━━━━━ DATA PROVIDED ━━━━━
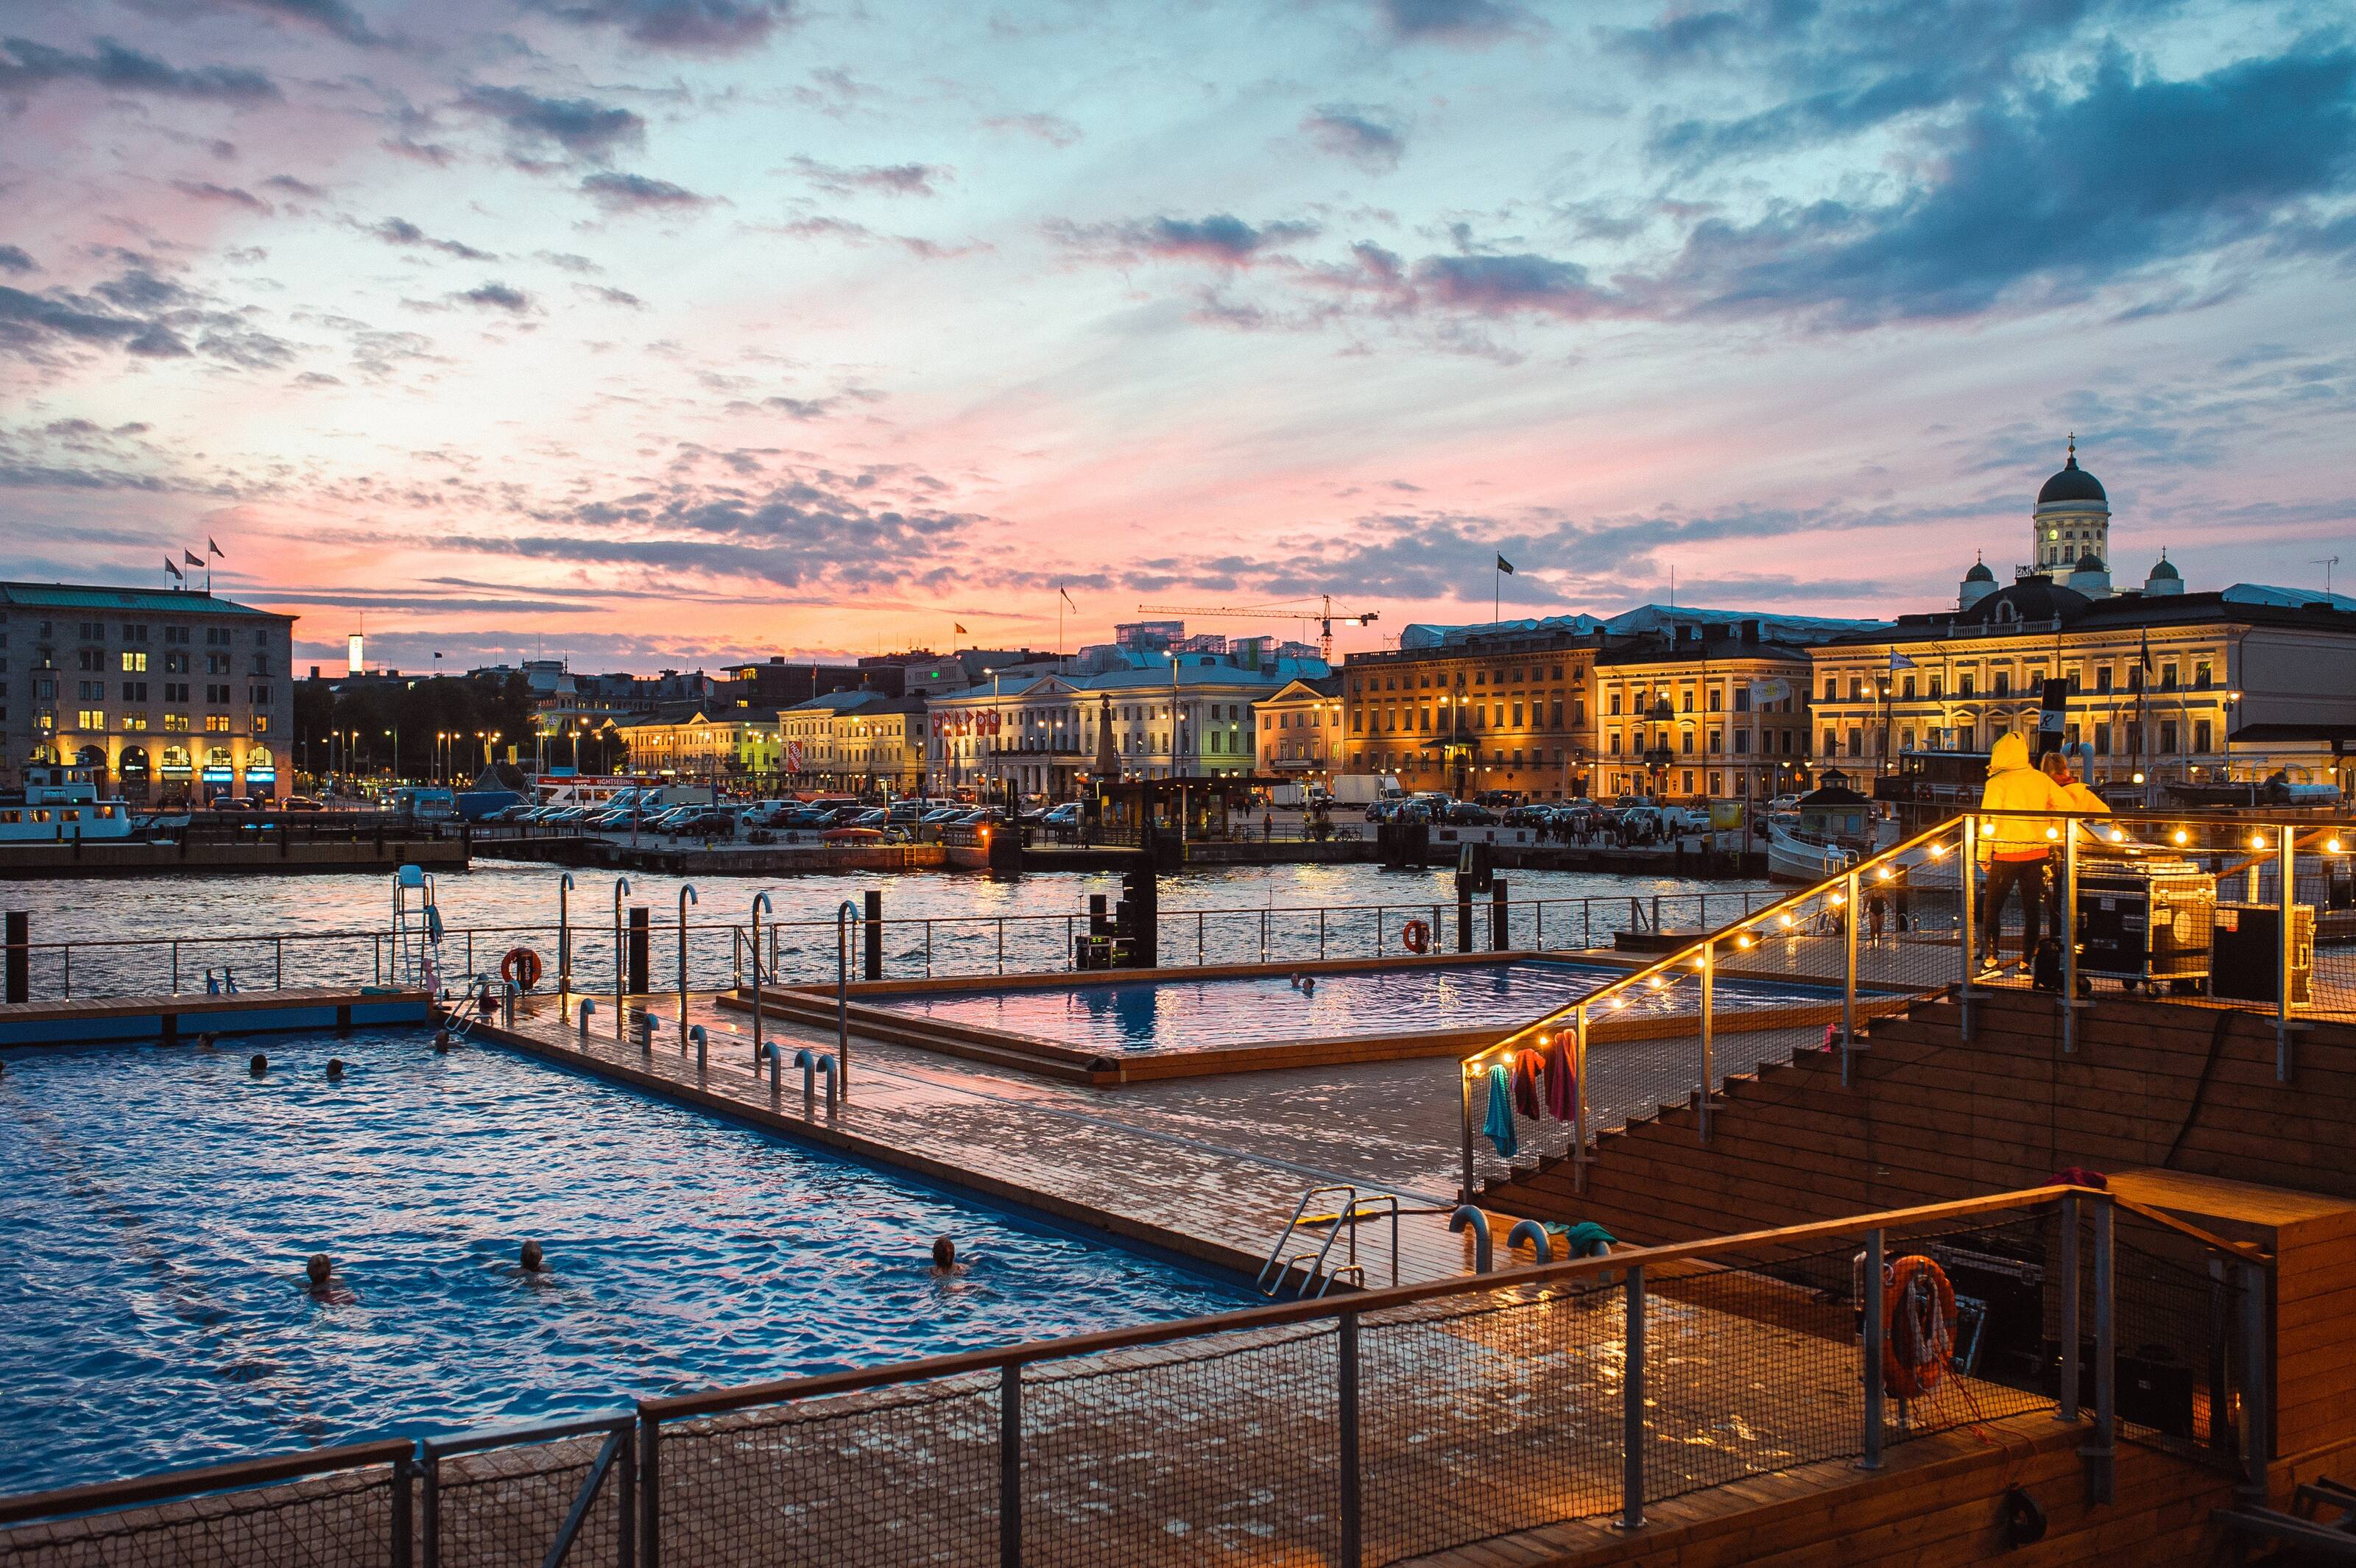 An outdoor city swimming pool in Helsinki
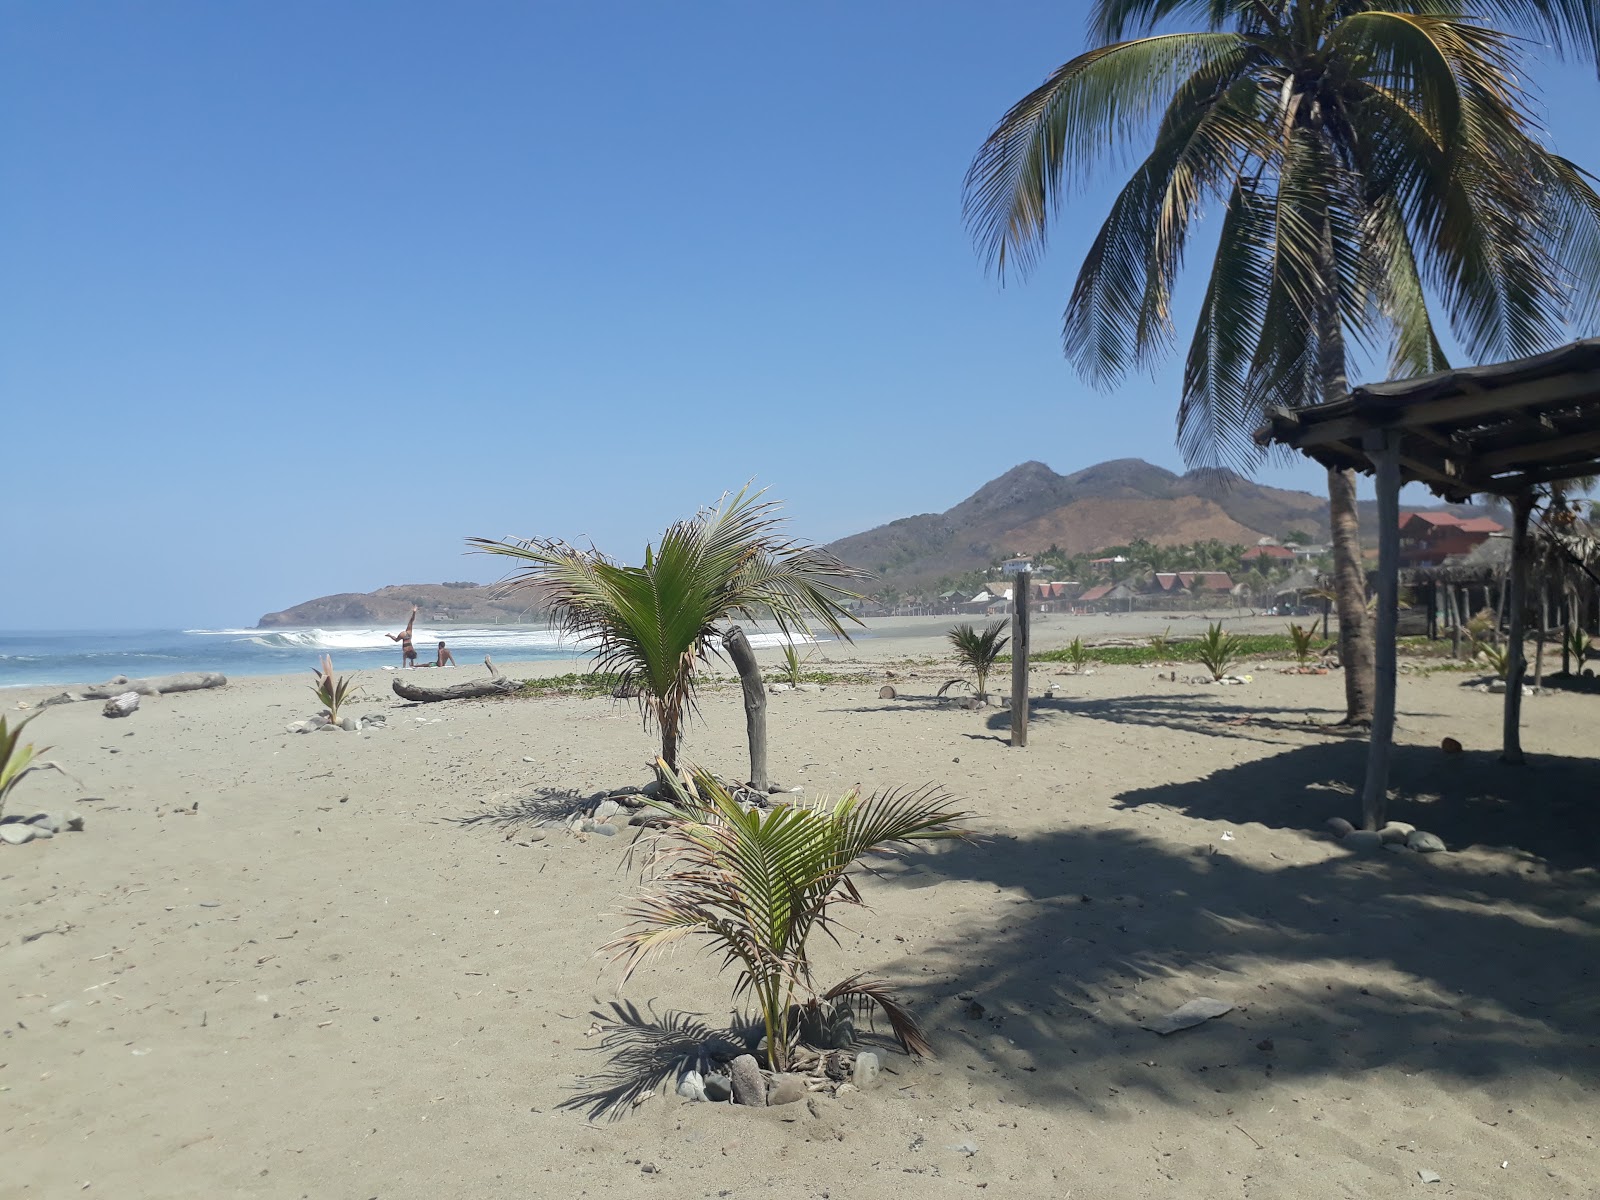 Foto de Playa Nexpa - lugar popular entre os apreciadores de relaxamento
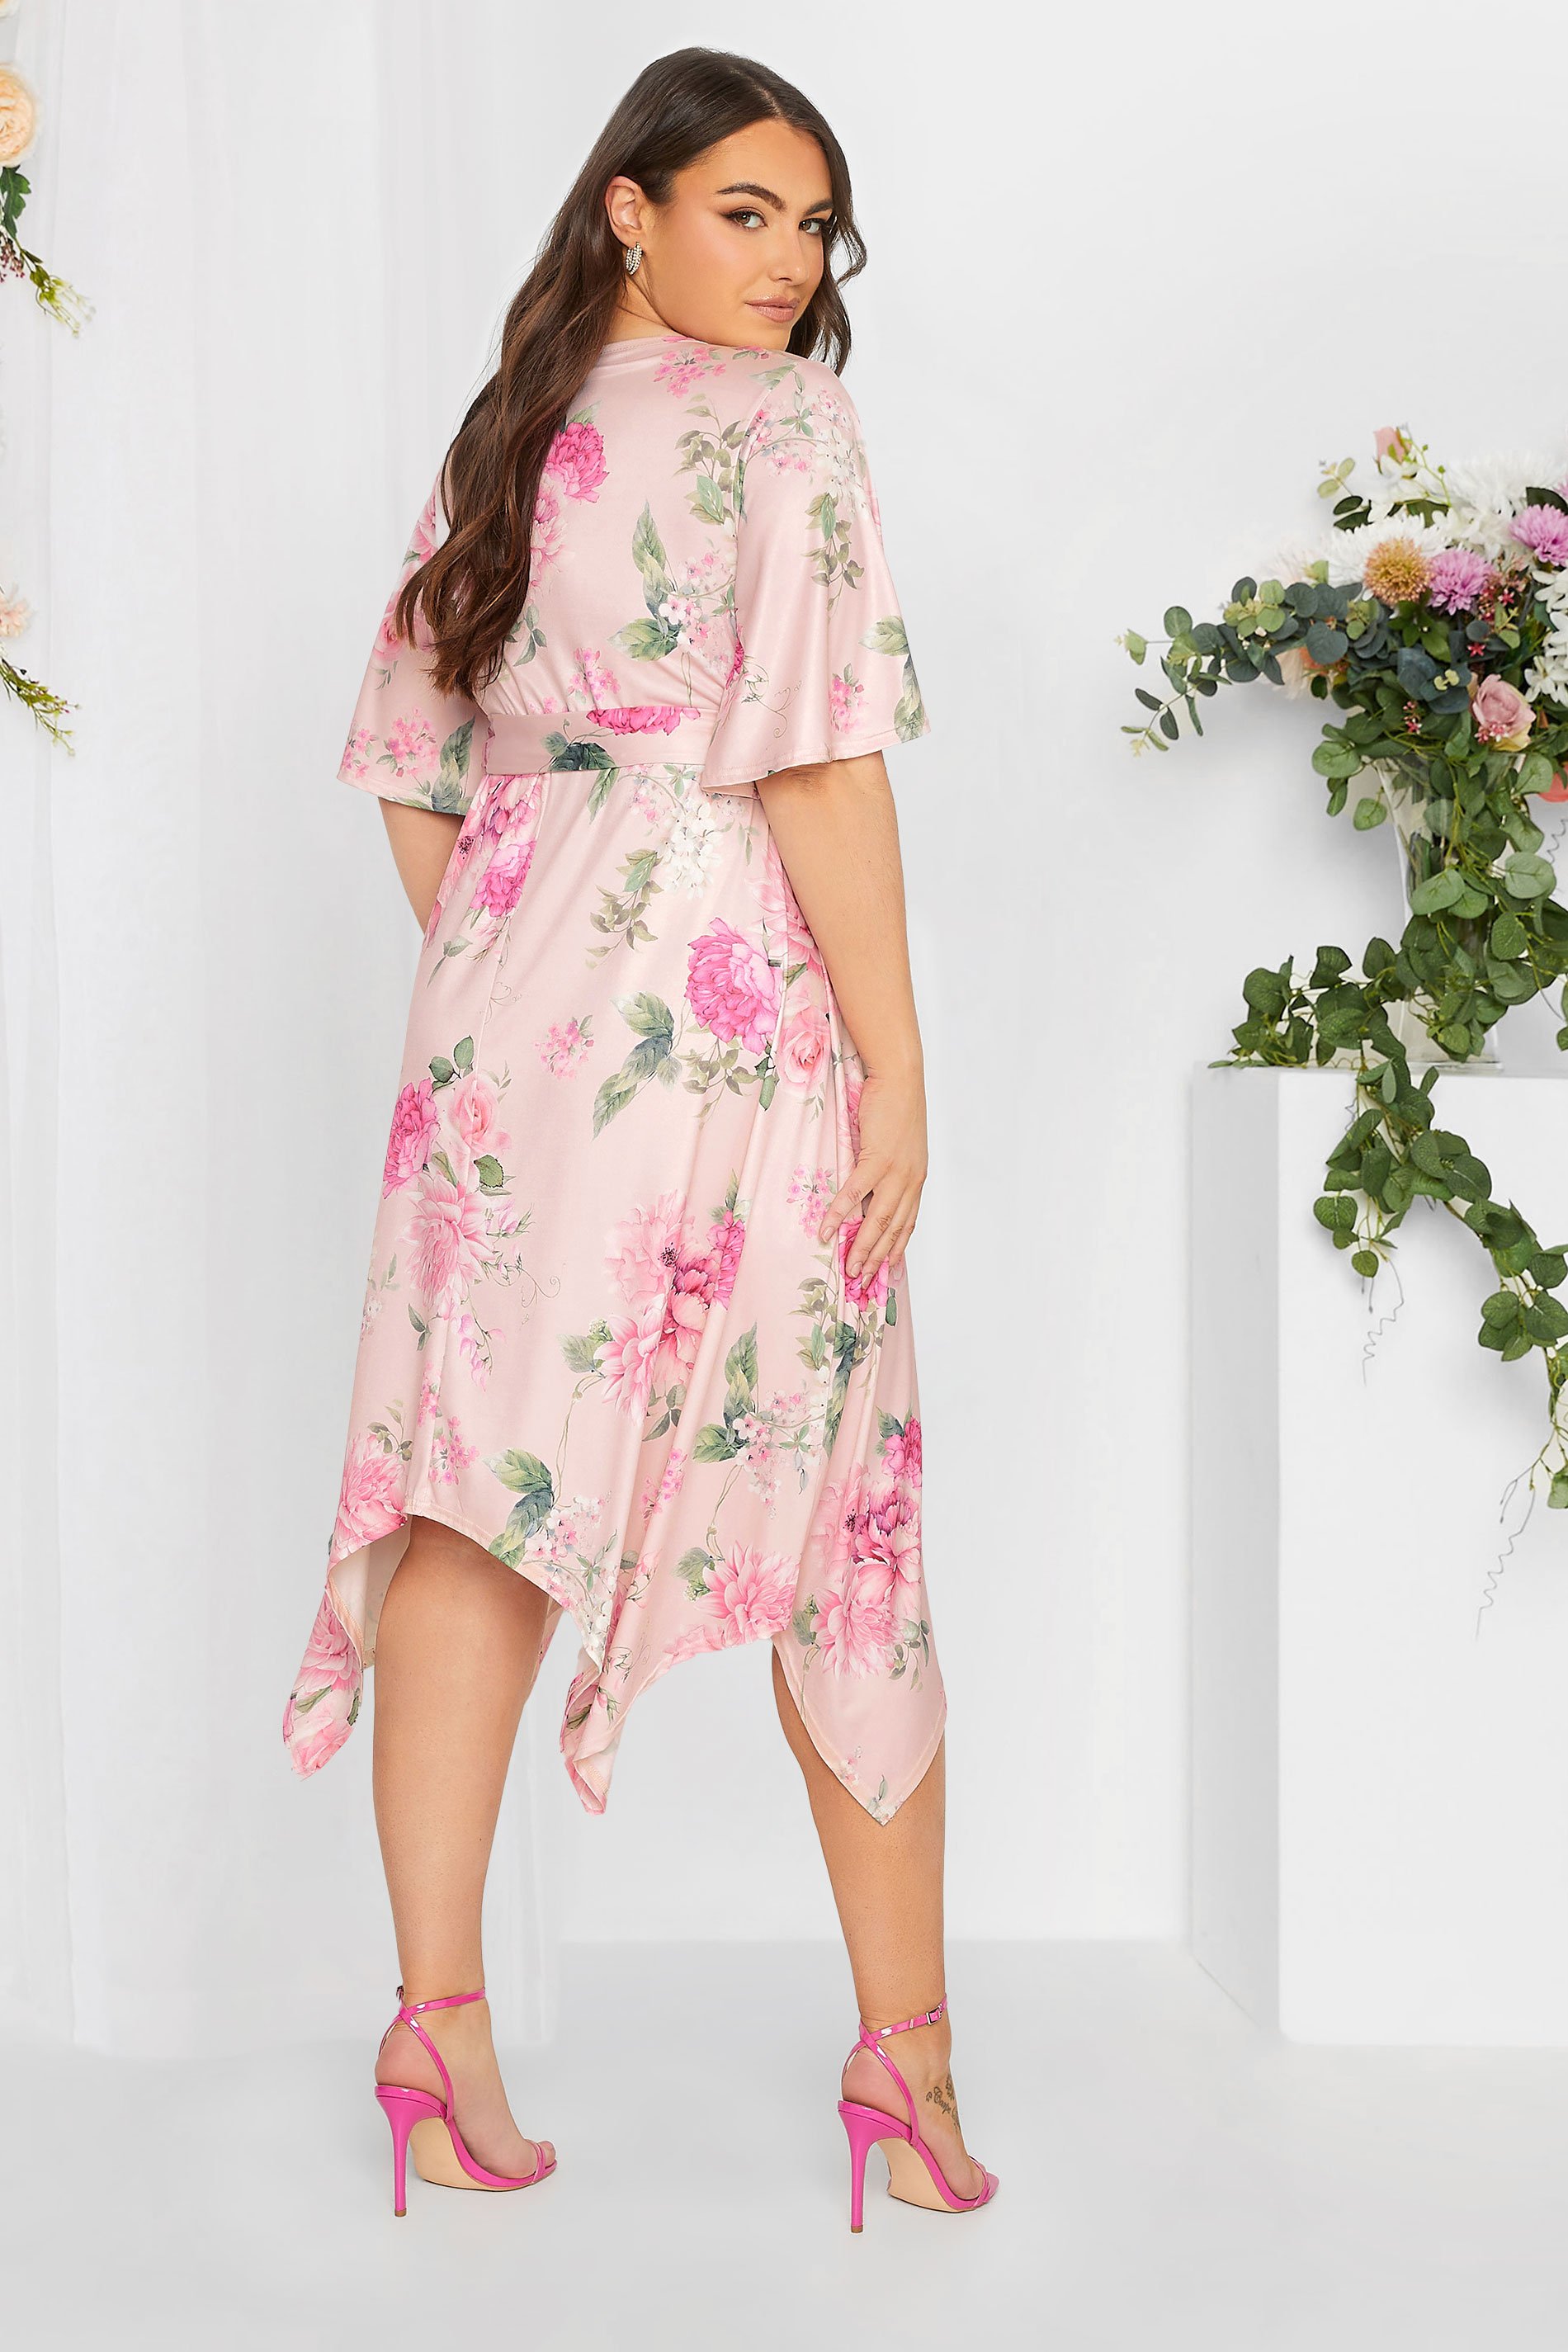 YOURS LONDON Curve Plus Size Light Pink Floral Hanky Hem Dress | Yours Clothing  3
━━━━━
> [BRIEF]:
A word-for-word repetition of the data above, without pictures, is the expected answer.

> [EXERCISE ANSWER]:
 An outdoor city swimming pool in Helsinki
 Foto de Playa Nexpa - lugar popular entre os apreciadores de relaxamento
 YOURS LONDON Curve Plus Size Light Pink Floral Hanky Hem Dress | Yours Clothing  3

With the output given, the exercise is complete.